═════ Given data ═════

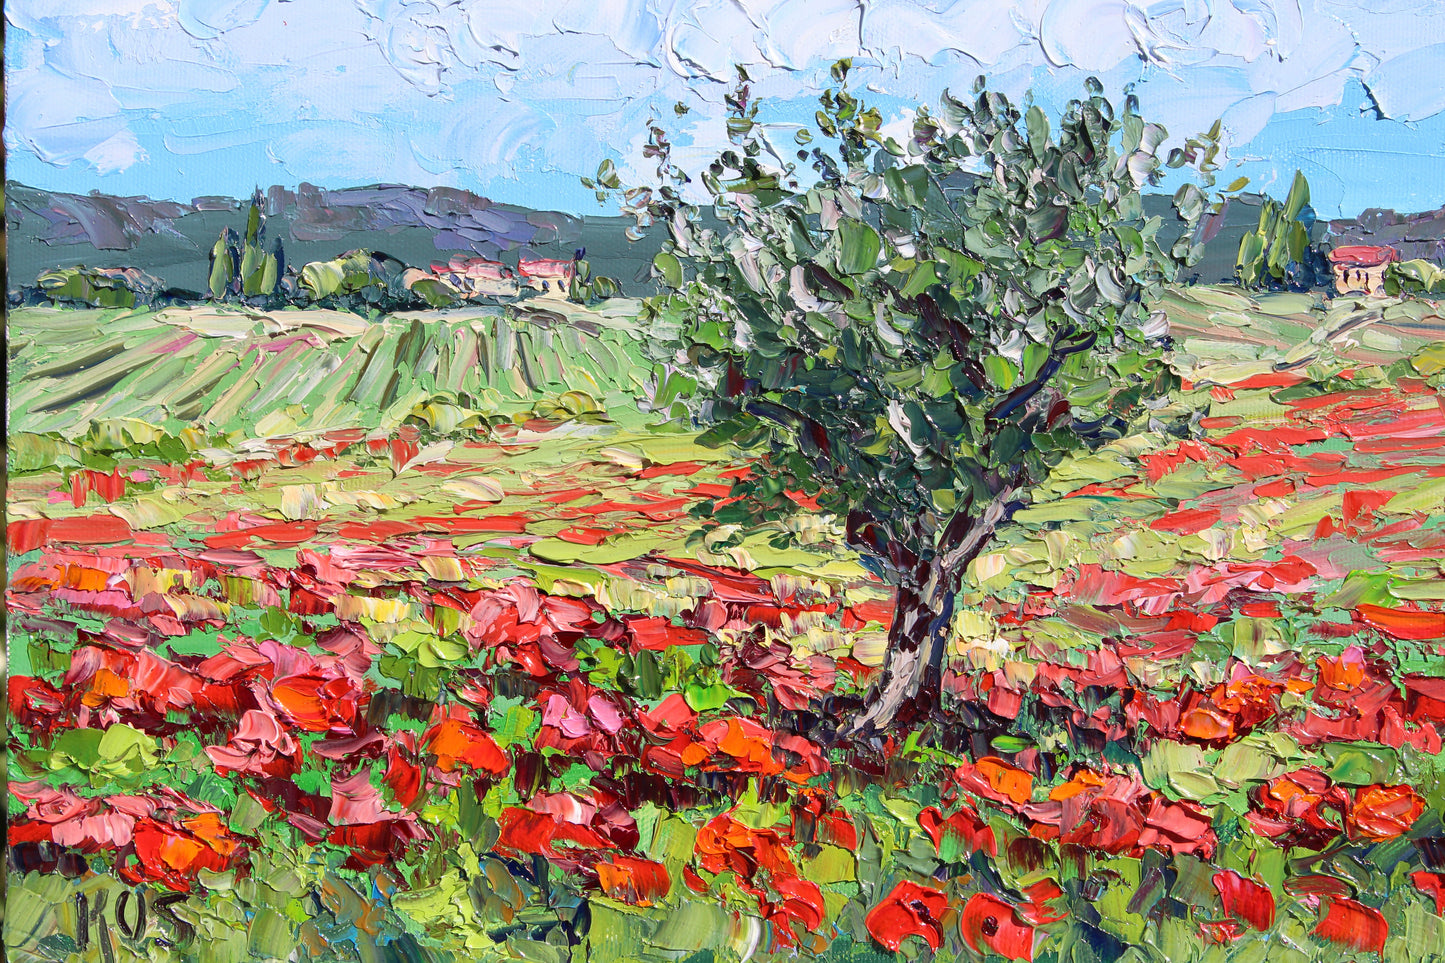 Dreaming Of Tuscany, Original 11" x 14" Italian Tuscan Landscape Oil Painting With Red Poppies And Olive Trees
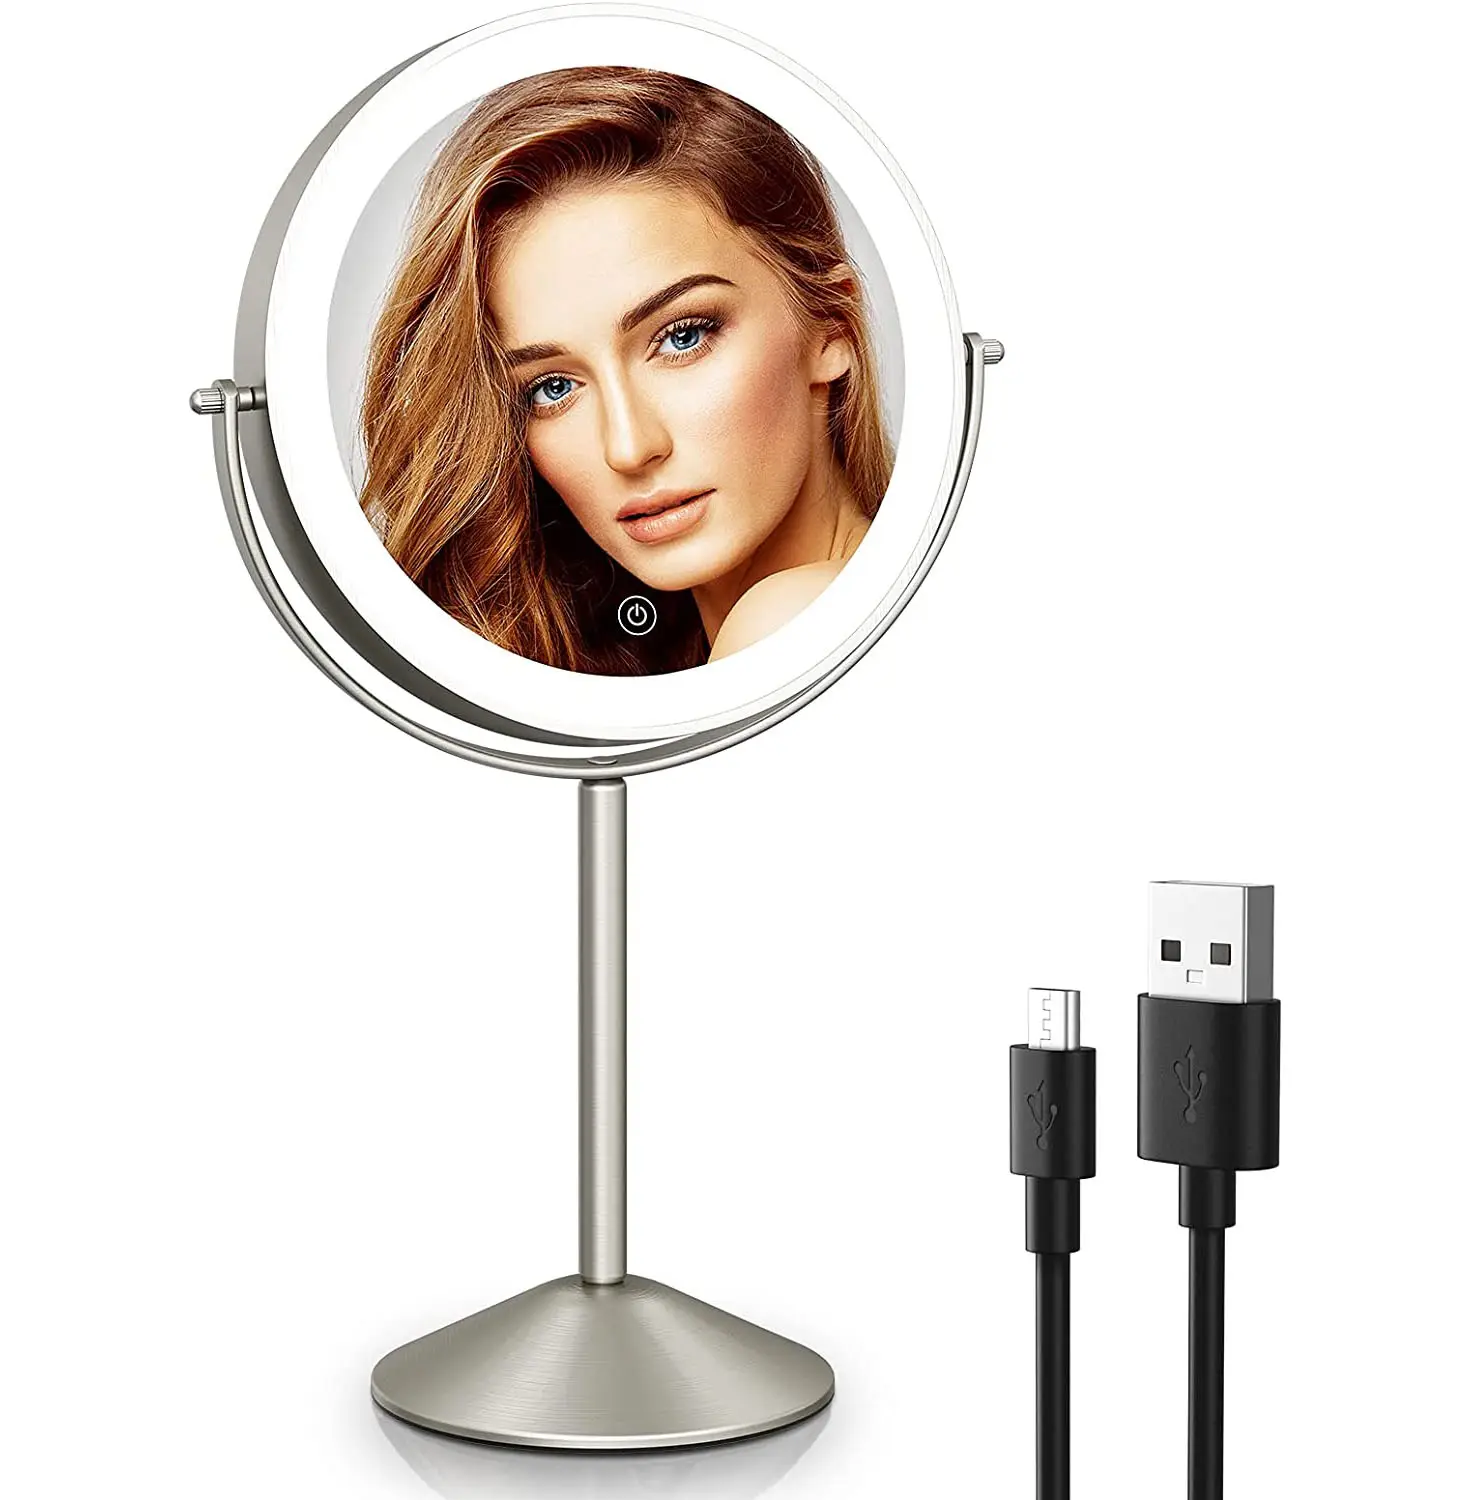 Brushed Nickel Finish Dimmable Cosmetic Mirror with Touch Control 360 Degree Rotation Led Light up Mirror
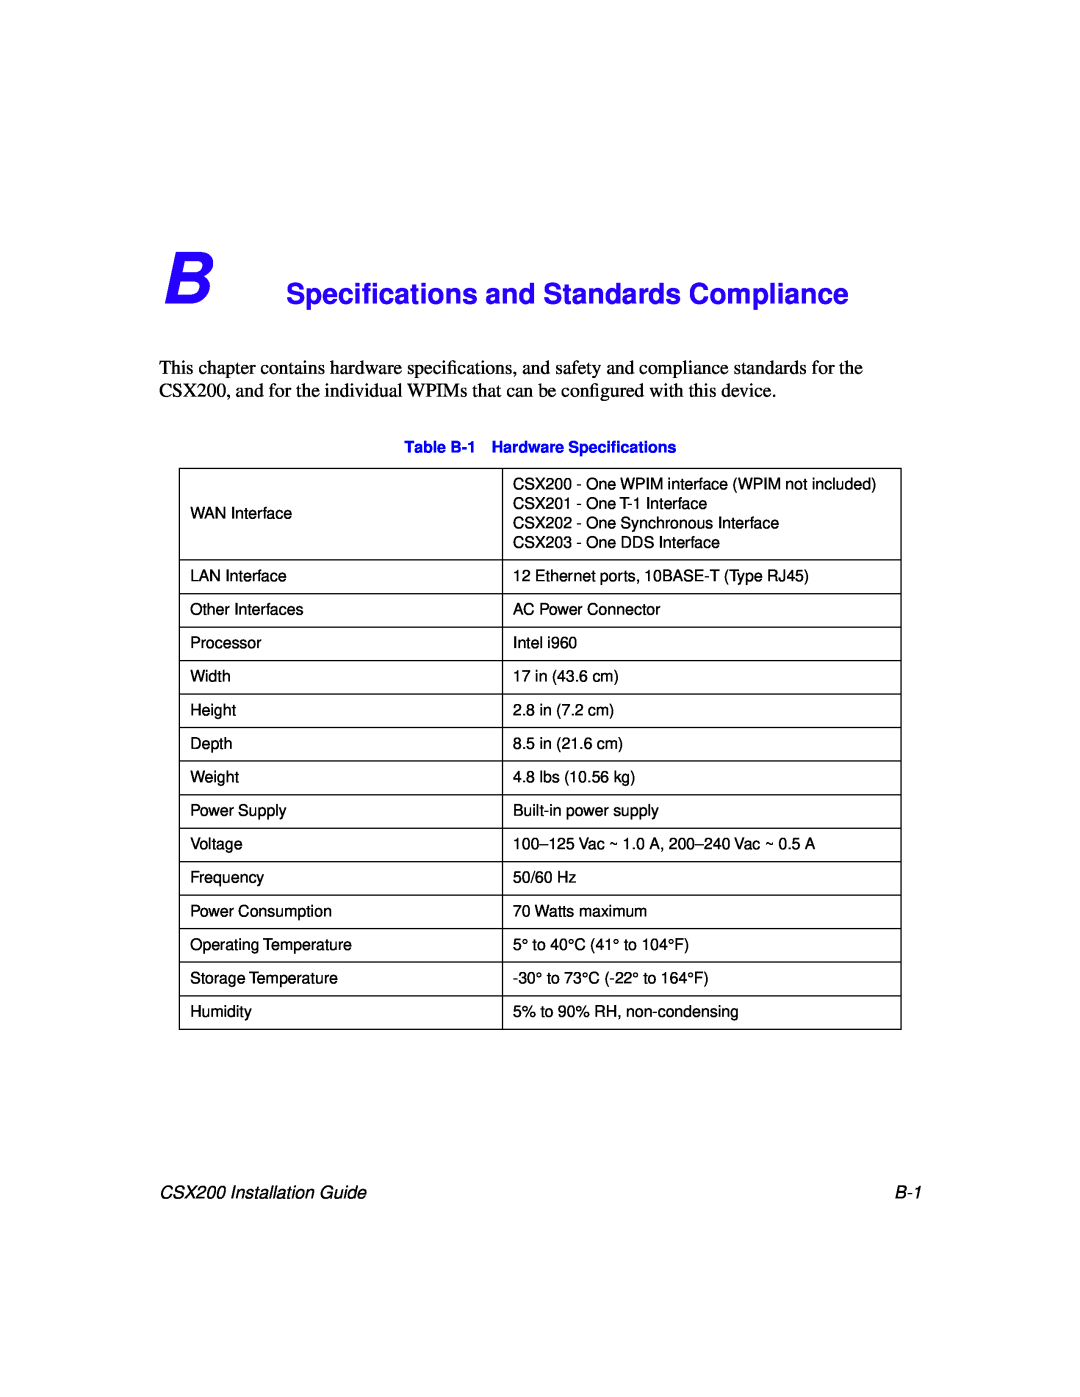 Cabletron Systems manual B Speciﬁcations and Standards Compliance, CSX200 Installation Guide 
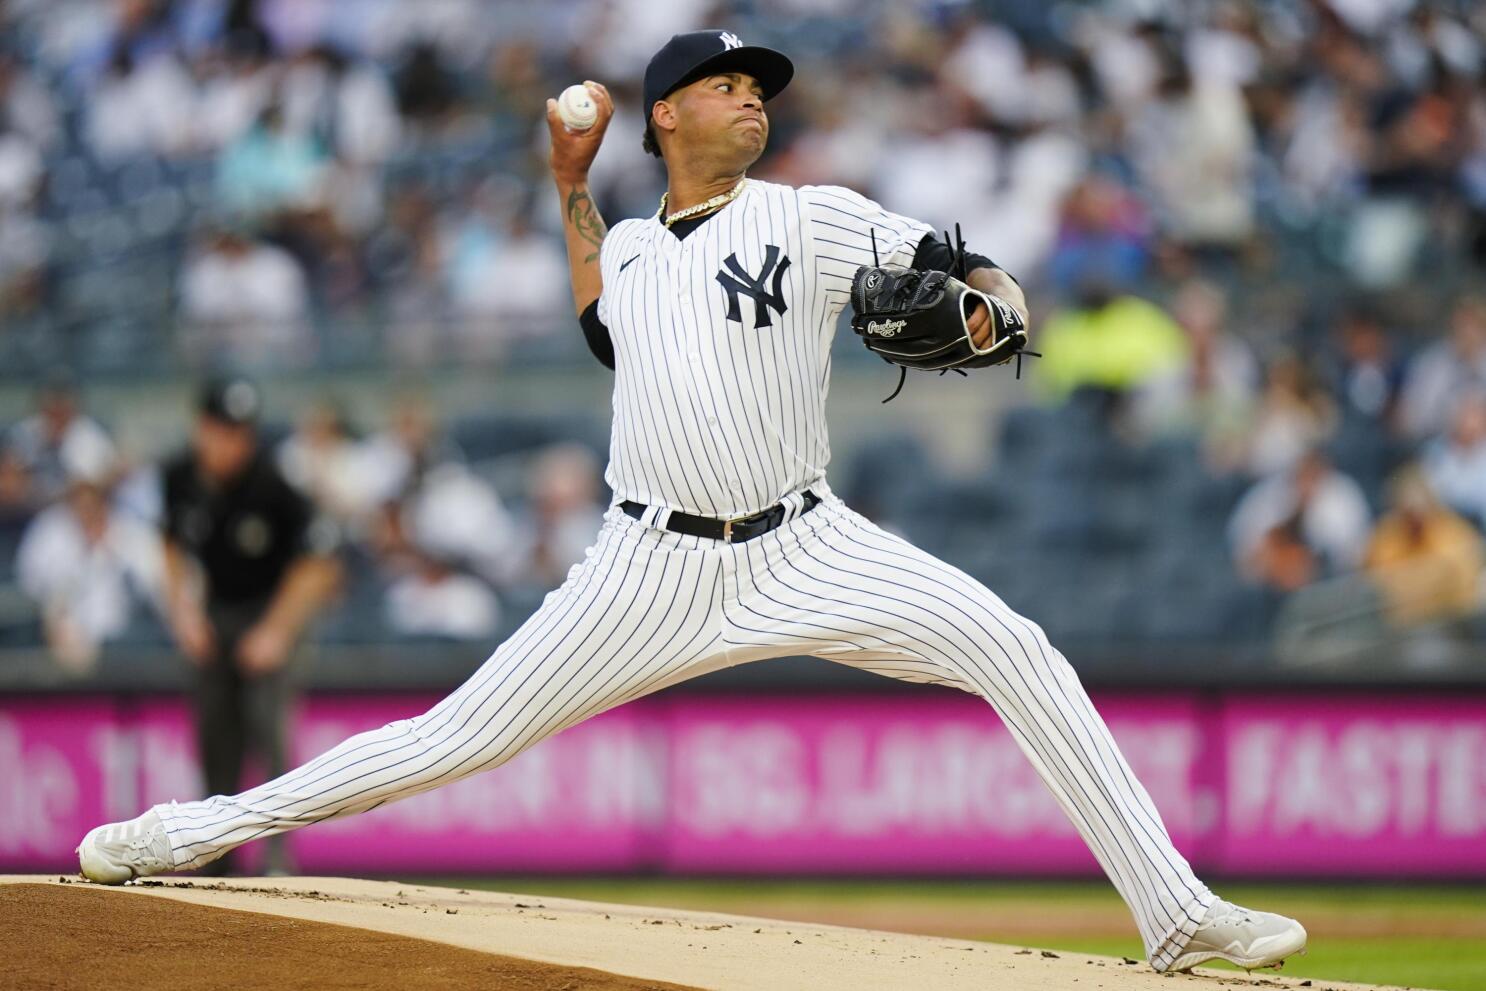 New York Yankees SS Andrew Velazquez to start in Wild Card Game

═════

* [Your instructions] Locate "Brushed Nickel Finish" in the listing above, then print exactly the lines from that line through the final one, omitting all pictures.

* [Expected answer]
 Brushed Nickel Finish Dimmable Cosmetic Mirror with Touch Control 360 Degree Rotation Led Light up Mirror
 Cabletron Systems manual B Speciﬁcations and Standards Compliance, CSX200 Installation Guide 
 New York Yankees SS Andrew Velazquez to start in Wild Card Game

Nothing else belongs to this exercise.